Kieran Etoria-King’s “Homesick” is a short documentary about migration, parenthood and where we choose to call home.
Tell us a little about yourself?
I’m Kieran, and I’m twenty-six from South London. I work as a researcher for TV documentaries, but in my own work I’m really interested in exploring identity, nationality and how people establish a feeling of ‘home’ – especially in the black diaspora, where so many of our families are displaced from each other and spread across continents.
What inspired you to do what you do?
I’ve always been passionate about storytelling, ever since writing short stories and making videos of family holidays as a kid. I did a degree in journalism as I loved the idea that ‘journalists write the first draft of history’. However, I slowly realised that I was more fascinated by the ways a documentary can explore an issue, a world or an individual person in detail, and evoke a more emotional, empathetic response than straightforward reporting.

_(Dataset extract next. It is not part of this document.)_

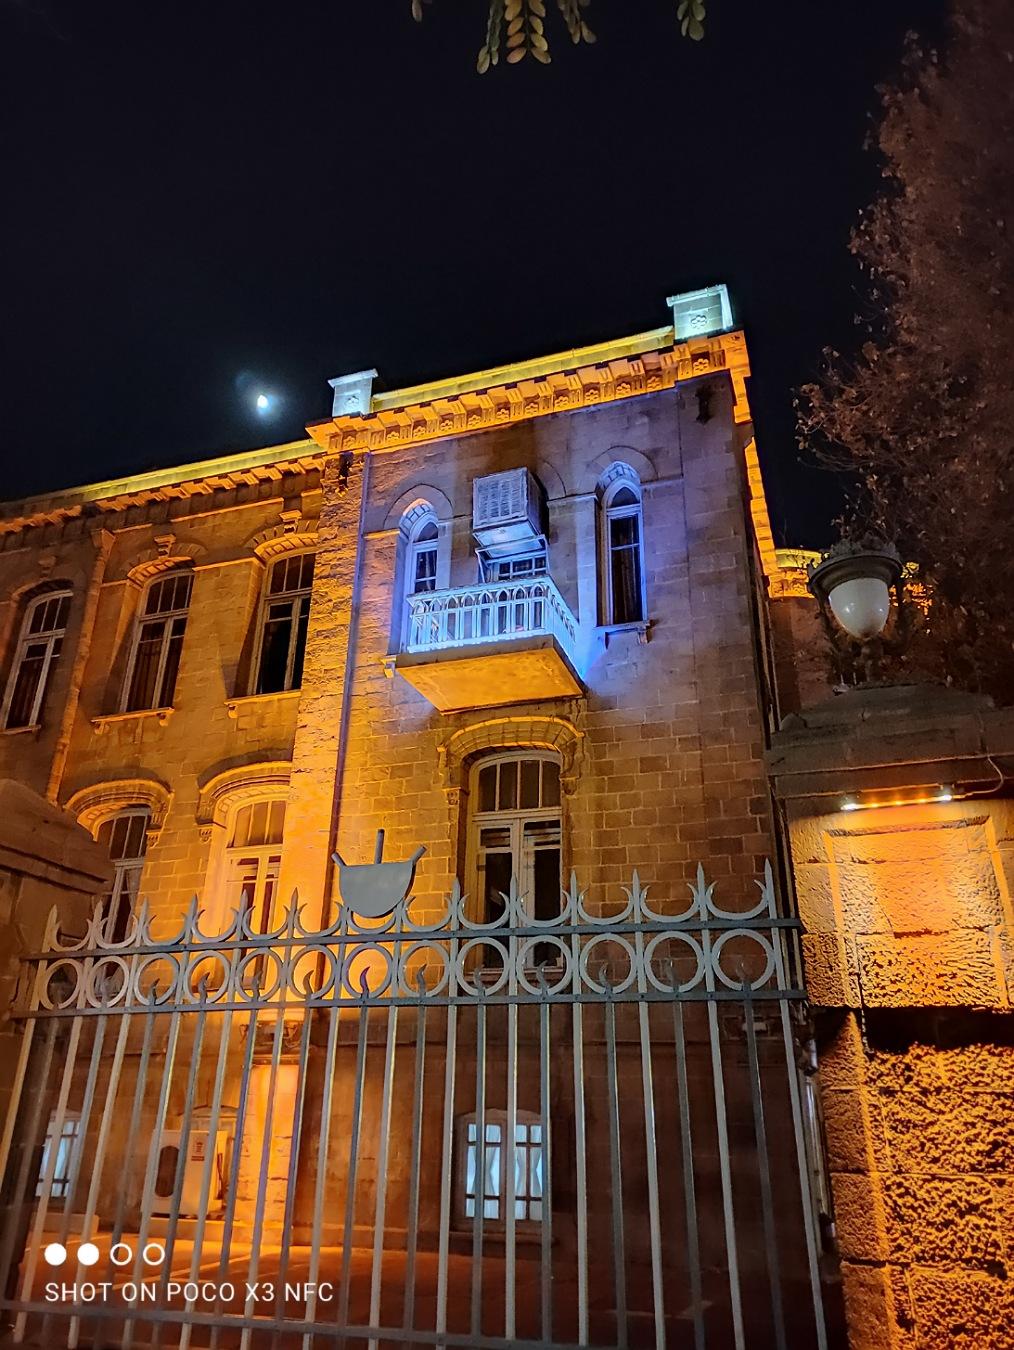 دوربین اصلی پوکو ایکس ۳ در شب با نایت مود روشن

This film was inspired by a family member’s decision to move home to Jamaica after 25 years here – when I spoke to him and others about it, I wanted to explore the complex emotions that affect a person who leaves everything they know to build a life in this strange, cold country, as so many of our families have.
What was the biggest challenge when creating this film?

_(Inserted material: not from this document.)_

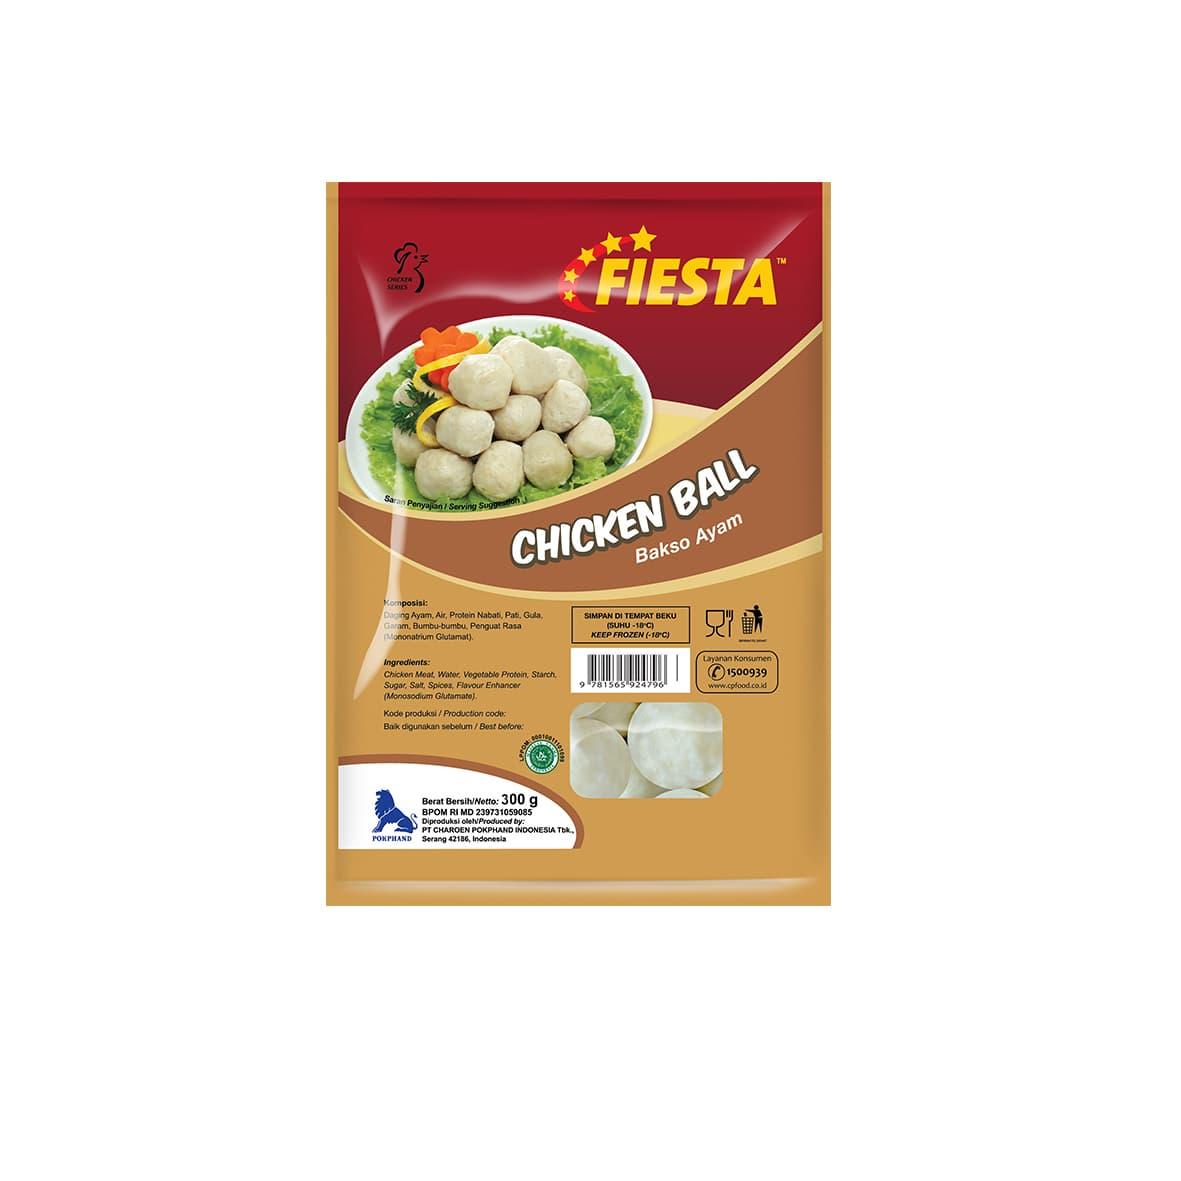 Fiesta Paket Chicken Ball Makanan Instan 300 G (5 Pcs)

The biggest challenge with this film was figuring out what aspect of Farhiya’s experience to focus on, as her story was so unique but also so relatable and endearing. She told me about how amazing she found London when she first arrived here – I was desperate to include her anecdotes about struggling to open her first Rubicon carton in the taxi from the airport, or eating her first McDonald’s, but I couldn’t make it fit. We also spent a lot of time on camera talking about how important the Somali and Muslim communities around Southall and West London were for her. I spent ages editing different versions of the film to try and include these stories, but I wanted the film to be as impactful as possible in a short time, so I focused on her preparations for leaving, rather than the details of her arrival.
What was the funniest thing that happened on set?
After I’d finished recording Farhiya’s interview, a friend of hers popped around to fix their washing machine, and when he found out she was leaving the next day he said “Take me with you!” and they started reminiscing about the country together. That moment just proved to me that this feeling of homesickness was a subject worthwhile exploring – although I wish I’d had the camera handy to capture it!
What are some of the highlights/successes you’ve had most recently?
Making Homesick by myself without any money was a big highlight of 2019, but the Coronavirus lockdown put a pause on things for me while I took the time to figure out what direction I should go in next. I’ve recently started a job at the BBC that already ticks one of the first goals I set in lockdown, so I’m hopeful that there’s still time for 2020 to be a good year!
What’s next for you on your journey?
My job at the BBC gives me the opportunity to pitch and develop lots of documentary ideas, so my next big goal is to see one of those turn into a reality. But in the meantime, I just want to keep developing myself and learning about the craft and business of filmmaking.
What would be your advice to other young film makers?
Figure out what sorts of stories move you and motivate you – and watch as many films as you can. I’ve started keeping a diary of every documentary I watch, with the director’s name, my thoughts on what I liked and disliked, and what moments stuck with me. Then you can use them as a bank for inspiration. Also, this project would have ultimately been stronger had I had the opportunity to work with, for example, a DOP, editor and colourist in a more professional manner, but I’m super proud of what I achieved putting this together on my own, so don’t be afraid to go out and tell a story that matters to you.